On Sun, Aug 14, 2016 at 9:59 PM, Giovanni Santostasi 
wrote:

> Sorry the label on the graph should say "days" not hours, here a fixed
> version.
>
>
>
> On Sun, Aug 14, 2016 at 9:57 PM, Giovanni Santostasi <
> gsantost...@gmail.com> wrote:
>
>> Here a simple model, the physicist way: very simplified, a lot of
>> assumptions but it gives a feeling of the energy and temperature involved.
>> An extreme case, not too realistic model but we can start with this simple
>> model and add more realistic physics as we go.
>>
>> So this is what I assumed:
>> 1) the building is full of water. It is not possible of course but water
>> has decent heat capacity so let's use it to fill the building and see what
>> happens
>> 2) all the energy produced by the 1 MW plant is dumped into the water
>> with 100 percent efficiency
>> 3) the building is perfectly insulated, a giant ideal dewar
>> 4) I started at 0 degrees and used calories conversion from Joule at 15
>> degrees (for simplicity). Starting at 20 degrees (room temperature) wold
>> just save a couple of days.
>>
>> Again we can make a more sophisticated model but this calculation could
>> have been done in the head as an order of magnitude problem.
>>
>> The result shown in the attached graph is that it would take about 16
>> days to reach 100 degree Celsius for the entire building filled of water.
>>
>> We can have fun and imagine other materials and see how long it would
>> take it to melt them and so on.
>>
>> Giovanni
>> PS
>> Double check my calculations and see if they are right.
>>
>>
>>
>>
>>
>> On Sun, Aug 14, 2016 at 9:35 PM, Craig Haynie 
>> wrote:
>>
>>> That the client is no longer in business at the end of the 350 day test,
>>> is telling...
>>> Craig
>>>
>>>
>>> On 08/14/2016 09:11 PM, Giovanni Santostasi wrote:
>>>
>>> Here a picture and information about the "customer" warehouse.

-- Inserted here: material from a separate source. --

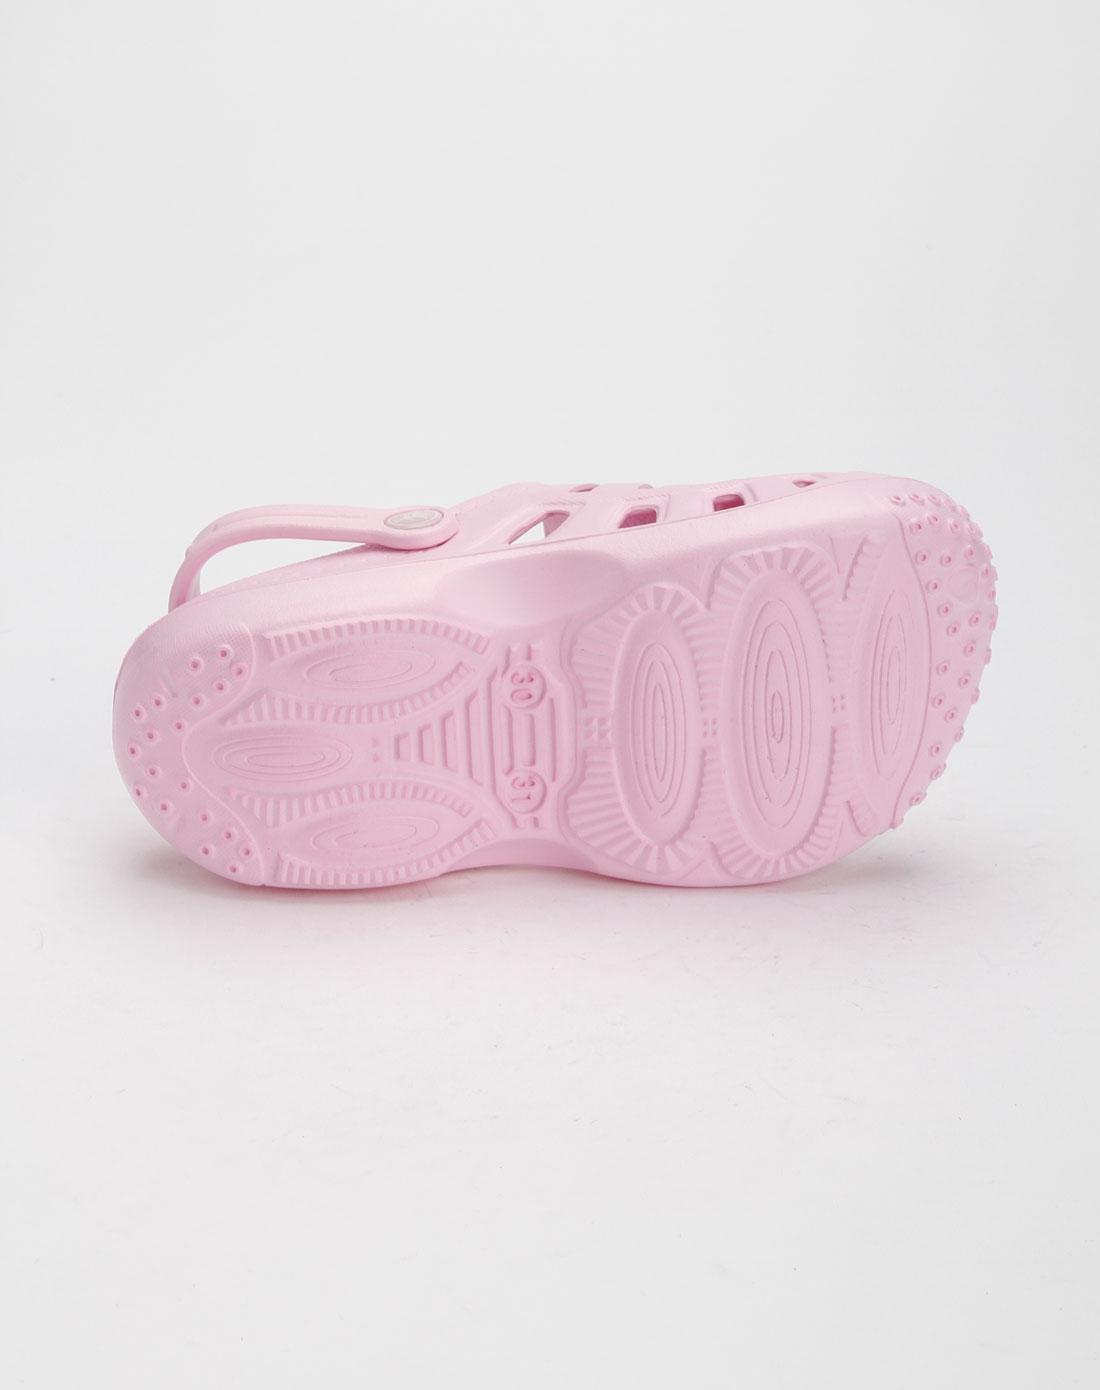 童鞋女童粉色时尚凉鞋e11d
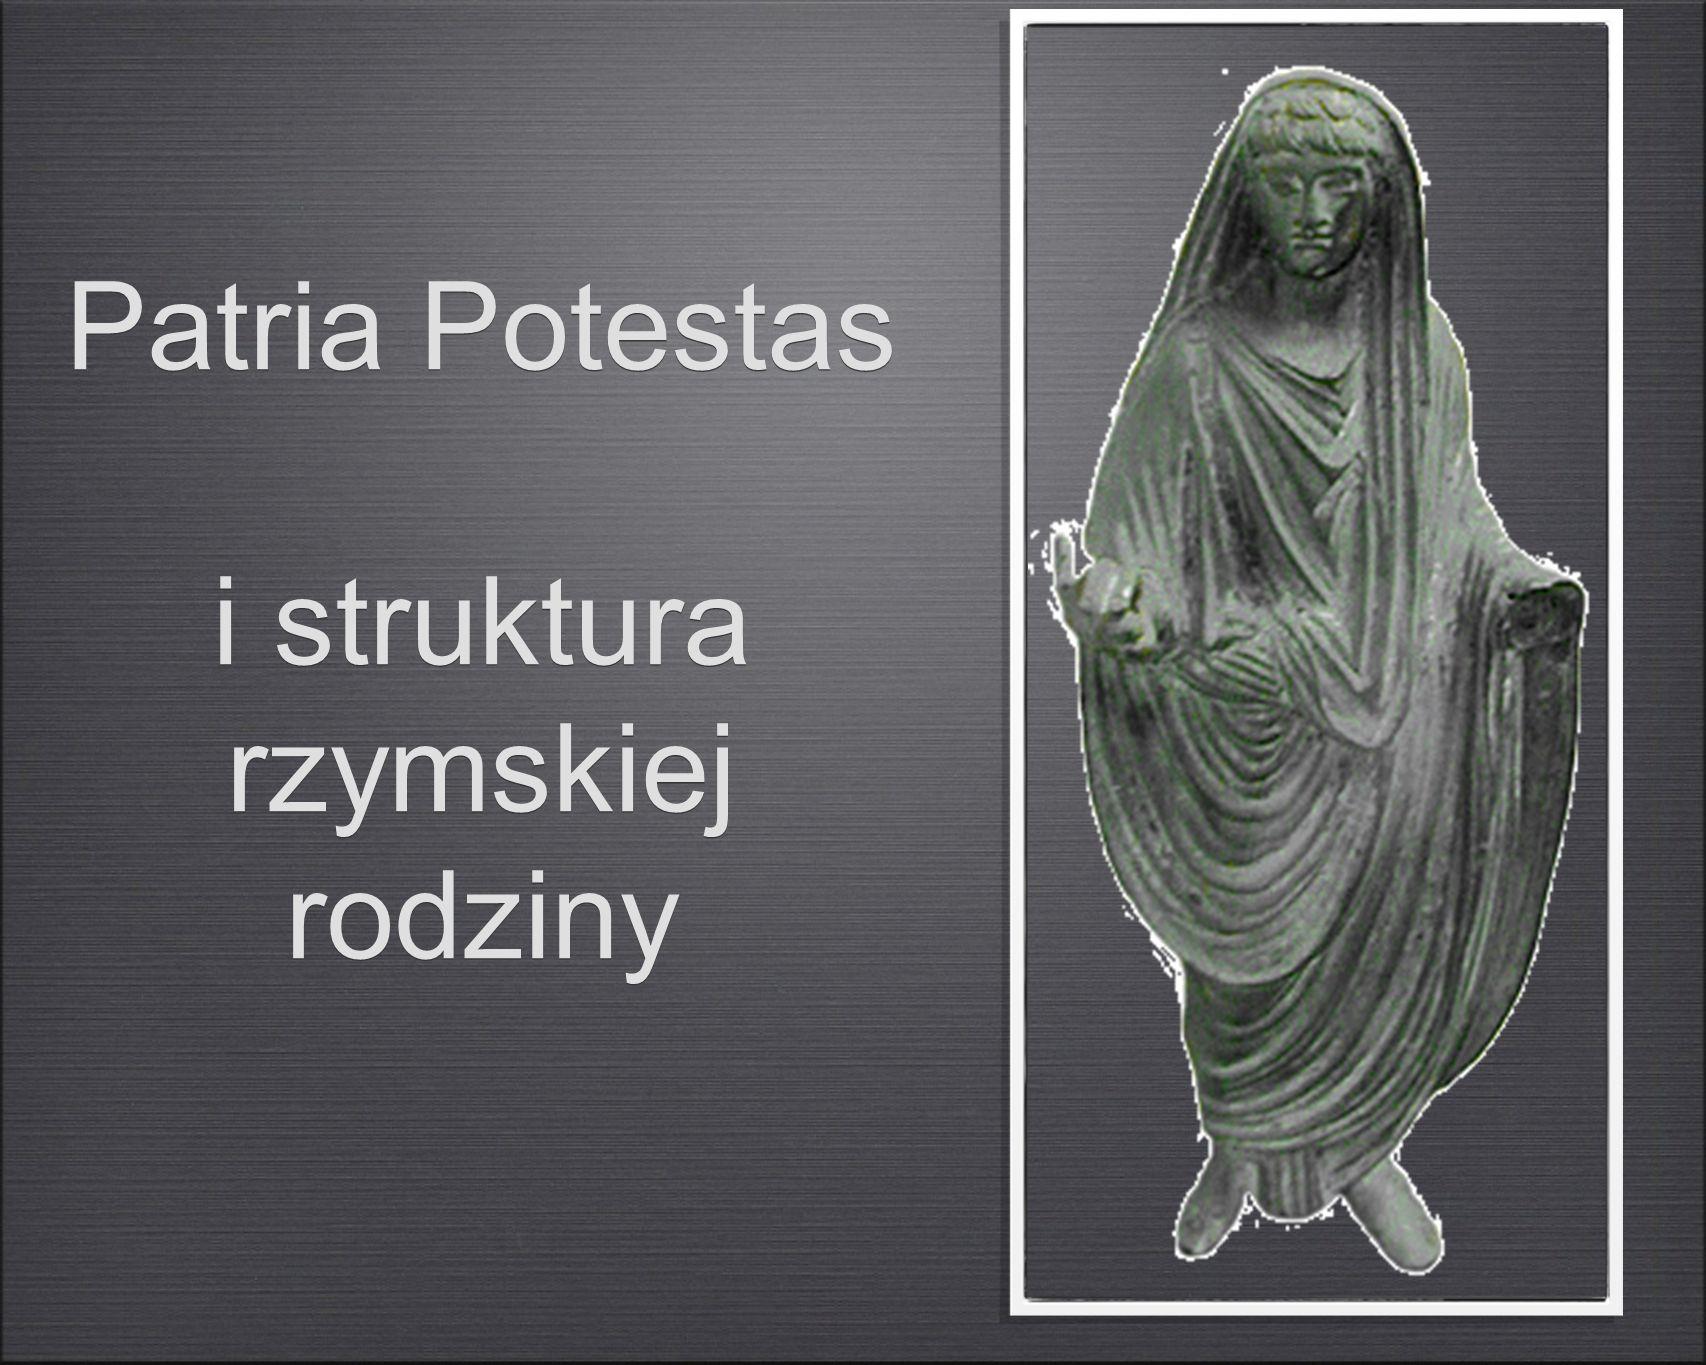 Patria Potestas i struktura rzymskiej rodziny

It is
>>> only 6000 square feet and the height is 20 feet.
>>>
>>> Let's do a Fermi problem to see what is needed to get read of 1 MW dump
>>> in this space. By the way 1 MW can power easily 1000 houses. In fact, if
>>> you do the exact calculation using average US consumption per household you
>>> get about 9000 households.
>>>
>>> Giovanni
>>>
>>> http://warehousespaces.com/warehouse-for-rent/United-States/
>>> FL/Doral/2082
>>>
>>>
>>>
>>
>

Re: [Vo]:The "customer" warehouse

2016-08-14 Thread Giovanni Santostasi 
Sorry the label on the graph should say "days" not hours, here a fixed
version.



On Sun, Aug 14, 2016 at 9:57 PM, Giovanni Santostasi 
wrote:

> Here a simple model, the physicist way: very simplified, a lot of
> assumptions but it gives a feeling of the energy and temperature involved.
> An extreme case, not too realistic model but we can start with this simple
> model and add more realistic physics as we go.
>
> So this is what I assumed:
> 1) the building is full of water. It is not possible of course but water
> has decent heat capacity so let's use it to fill the building and see what
> happens
> 2) all the energy produced by the 1 MW plant is dumped into the water with
> 100 percent efficiency
> 3) the building is perfectly insulated, a giant ideal dewar
> 4) I started at 0 degrees and used calories conversion from Joule at 15
> degrees (for simplicity). Starting at 20 degrees (room temperature) wold
> just save a couple of days.
>
> Again we can make a more sophisticated model but this calculation could
> have been done in the head as an order of magnitude problem.
>
> The result shown in the attached graph is that it would take about 16 days
> to reach 100 degree Celsius for the entire building filled of water.
>
> We can have fun and imagine other materials and see how long it would take
> it to melt them and so on.
>
> Giovanni
> PS
> Double check my calculations and see if they are right.
>
>
>
>
>
> On Sun, Aug 14, 2016 at 9:35 PM, Craig Haynie 
> wrote:
>
>> That the client is no longer in business at the end of the 350 day test,
>> is telling...
>> Craig
>>
>>
>> On 08/14/2016 09:11 PM, Giovanni Santostasi wrote:
>>
>> Here a picture and information about the "customer" warehouse. It is only
>> 6000 square feet and the height is 20 feet.
>>
>> Let's do a Fermi problem to see what is needed to get read of 1 MW dump
>> in this space. By the way 1 MW can power easily 1000 houses. In fact, if
>> you do the exact calculation using average US consumption per household you
>> get about 9000 households.
>>
>> Giovanni
>>
>> http://warehousespaces.com/warehouse-for-rent/United-States/FL/Doral/2082
>>
>>
>>
>

Re: [Vo]:The "customer" warehouse

2016-08-14 Thread Giovanni Santostasi 
Here a simple model, the physicist way: very simplified, a lot of
assumptions but it gives a feeling of the energy and temperature involved.
An extreme case, not too realistic model but we can start with this simple
model and add more realistic physics as we go.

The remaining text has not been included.